The electron in a hydrogen atom, originally in level n = 8, undergoes a transition to a lower level by emitting a photon of wave

timofeeve [1]

Explanation:

It is given that,

The electron in a hydrogen atom, originally in level n = 8, undergoes a transition to a lower level by emitting a photon of wavelength 3745 nm.

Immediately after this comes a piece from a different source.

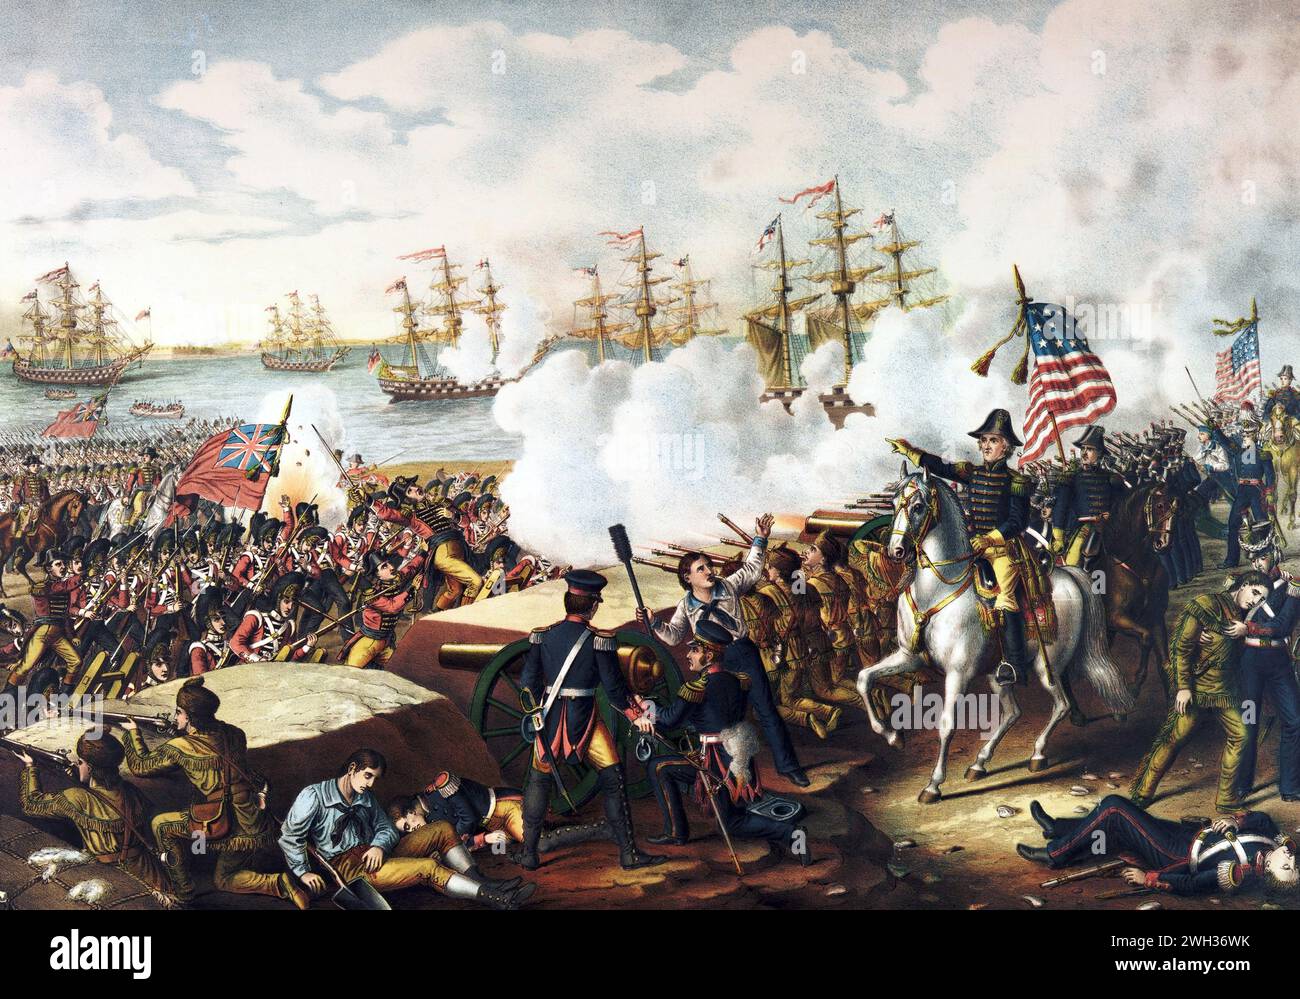 Krieg von 1812. Die Schlacht von New Orleans. Das Bild zeigt General Andrew Jackson auf einem weißen Pferd, der am 8. Januar 1815, der letzten großen Schlacht des Krieges von 1812, seine Truppen bei der Verteidigung von New Orleans anführt. Stockfoto

It means that,

$n_i=8$

$\lambda=3745\ nm$

The amount of energy change during the transition is given by :

$\Delta E=R_H[\dfrac{1}{n_f^2}-\dfrac{1}{n_i^2}]$

And

$\dfrac{hc}{\lambda}=R_H[\dfrac{1}{n_f^2}-\dfrac{1}{n_i^2}]$

Plugging all the values we get :

$\dfrac{6.63\times 10^{-34}\times 3\times 10^8}{3745\times 10^{-9}}=2.179\times 10^{-18}[\dfrac{1}{n_f^2}-\dfrac{1}{8^2}]\\\\\dfrac{5.31\times 10^{-20}}{2.179\times 10^{-18}}=[\dfrac{1}{n_f^2}-\dfrac{1}{8^2}]\\\\0.0243=[\dfrac{1}{n_f^2}-\dfrac{1}{64}]\\\\0.0243+\dfrac{1}{64}=\dfrac{1}{n_f^2}\\\\0.039925=\dfrac{1}{n_f^2}\\\\n_f^2=25\\\\n_f=5$

So, the final level of the electron is 5.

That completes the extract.